» **EXERCISE GOAL**
Take the lines from the one with "WINDHORSE Electric Scooter, 350W" to the end of the listing, both ends included, and quote them exactly, leaving pictures out.

» **STORED DATA**
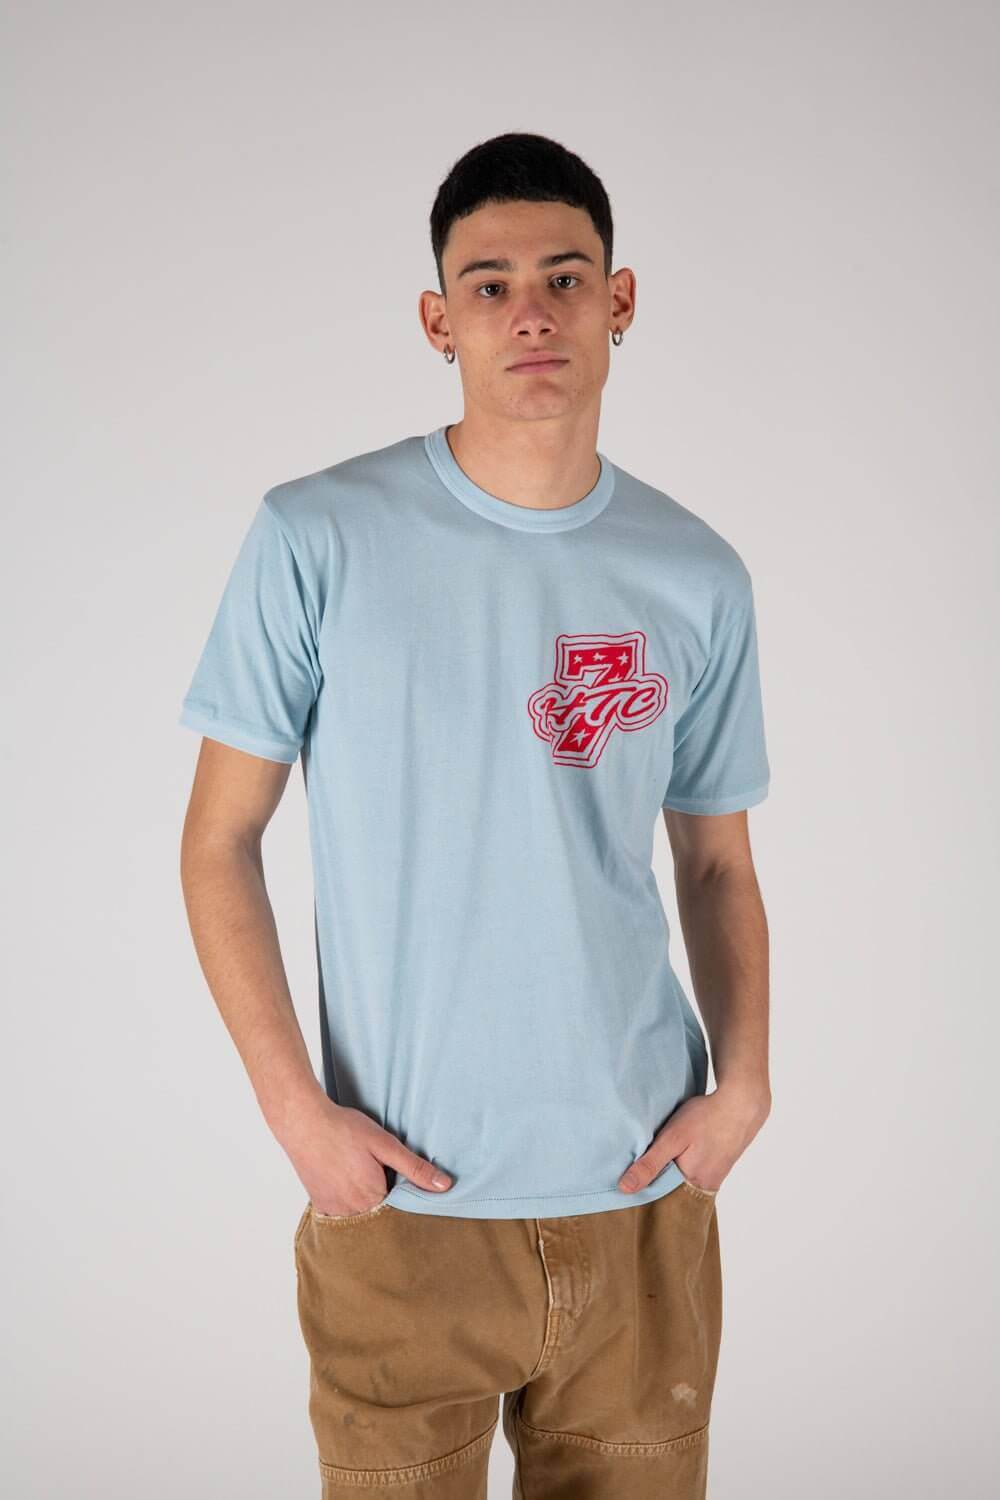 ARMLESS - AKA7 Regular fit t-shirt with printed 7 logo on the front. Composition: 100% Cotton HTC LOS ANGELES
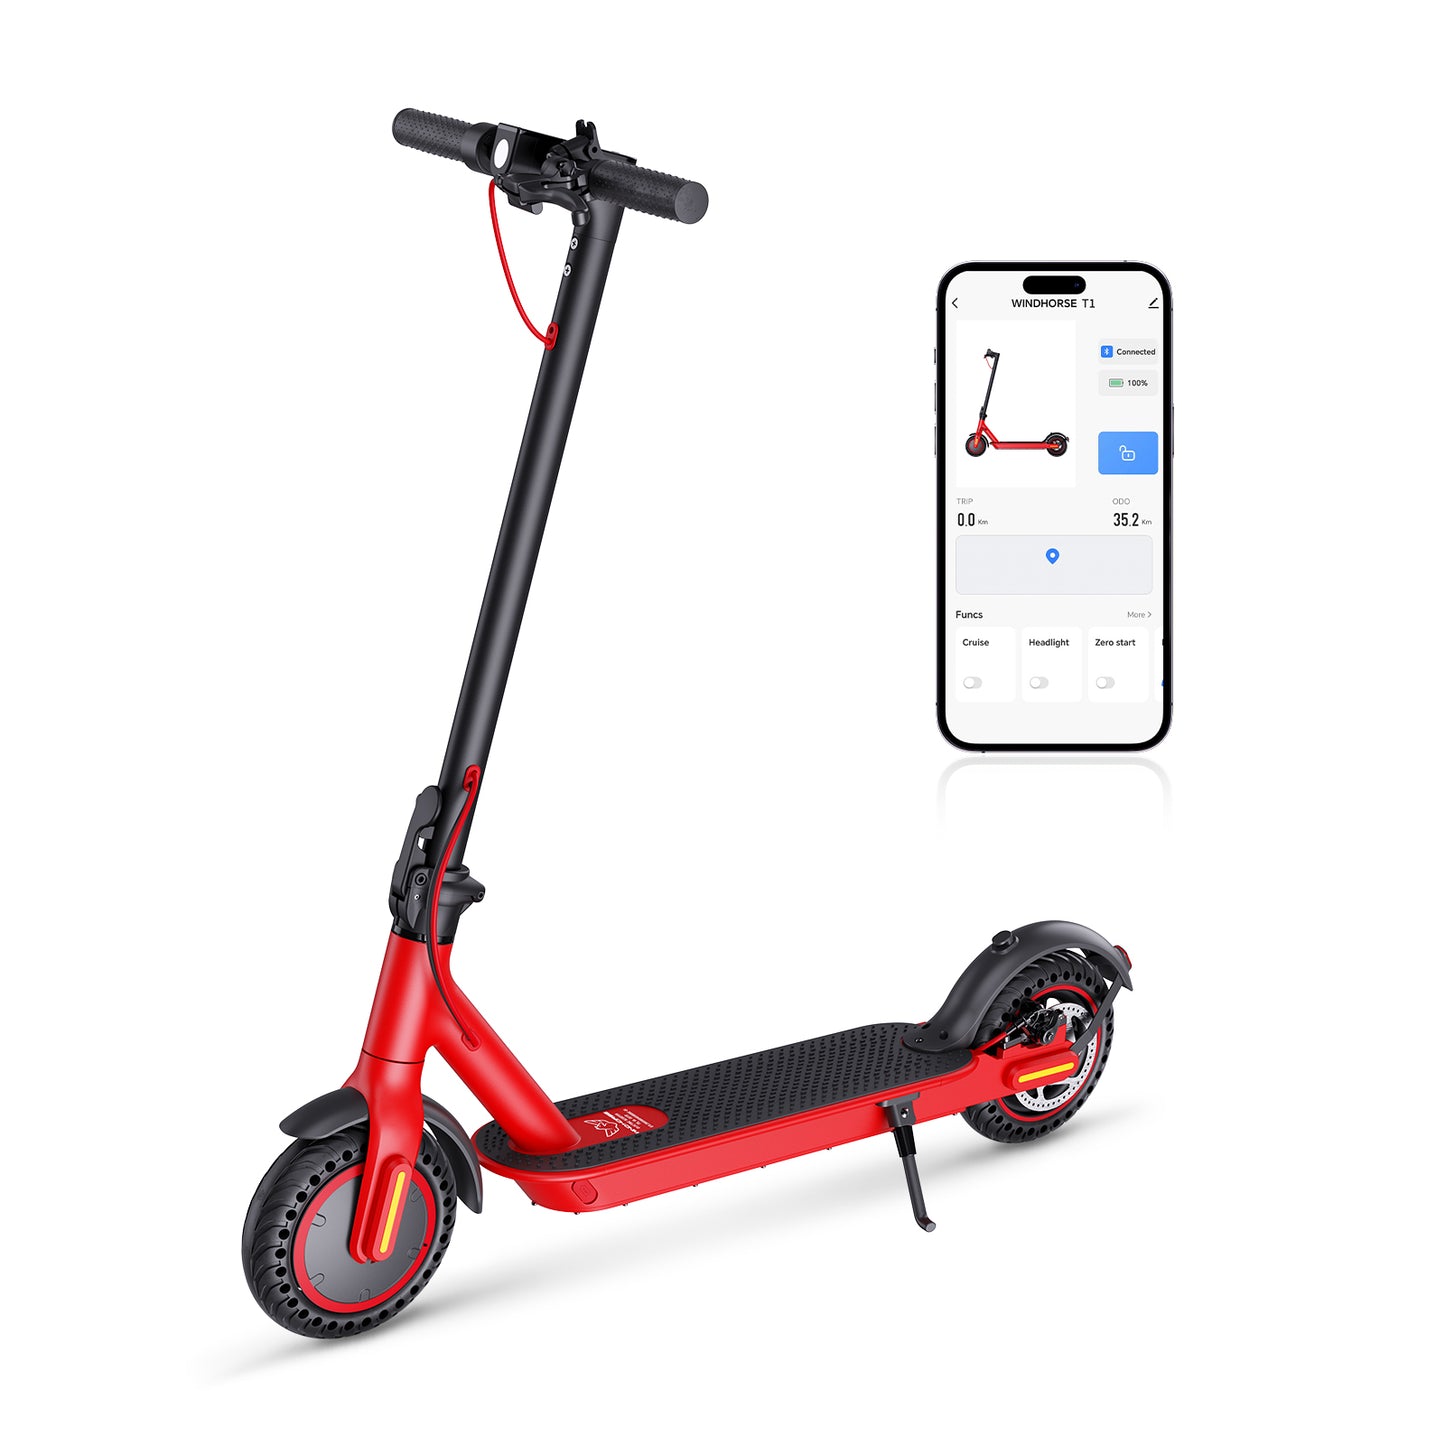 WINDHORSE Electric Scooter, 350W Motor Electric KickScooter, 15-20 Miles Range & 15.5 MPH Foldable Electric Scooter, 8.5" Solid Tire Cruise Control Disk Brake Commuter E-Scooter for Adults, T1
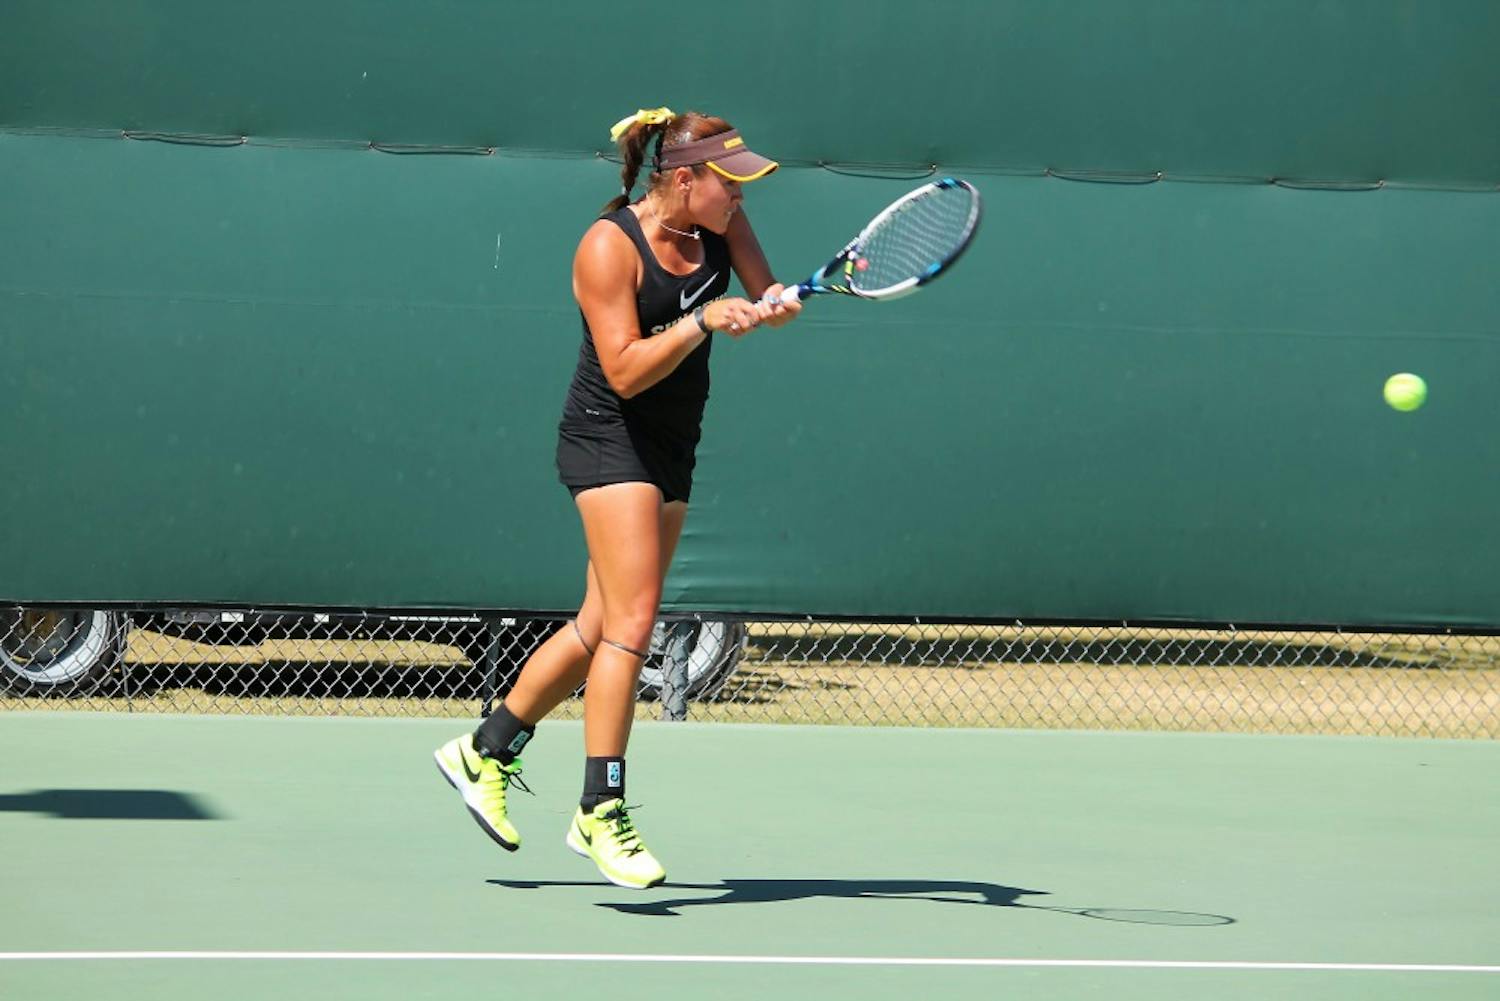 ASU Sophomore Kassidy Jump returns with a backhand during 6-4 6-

» **ANSWER TO THE PROBLEM**
 WINDHORSE Electric Scooter, 350W Motor Electric KickScooter, 15-20 Miles Range & 15.5 MPH Foldable Electric Scooter, 8.5" Solid Tire Cruise Control Disk Brake Commuter E-Scooter for Adults, T1
 ASU Sophomore Kassidy Jump returns with a backhand during 6-4 6-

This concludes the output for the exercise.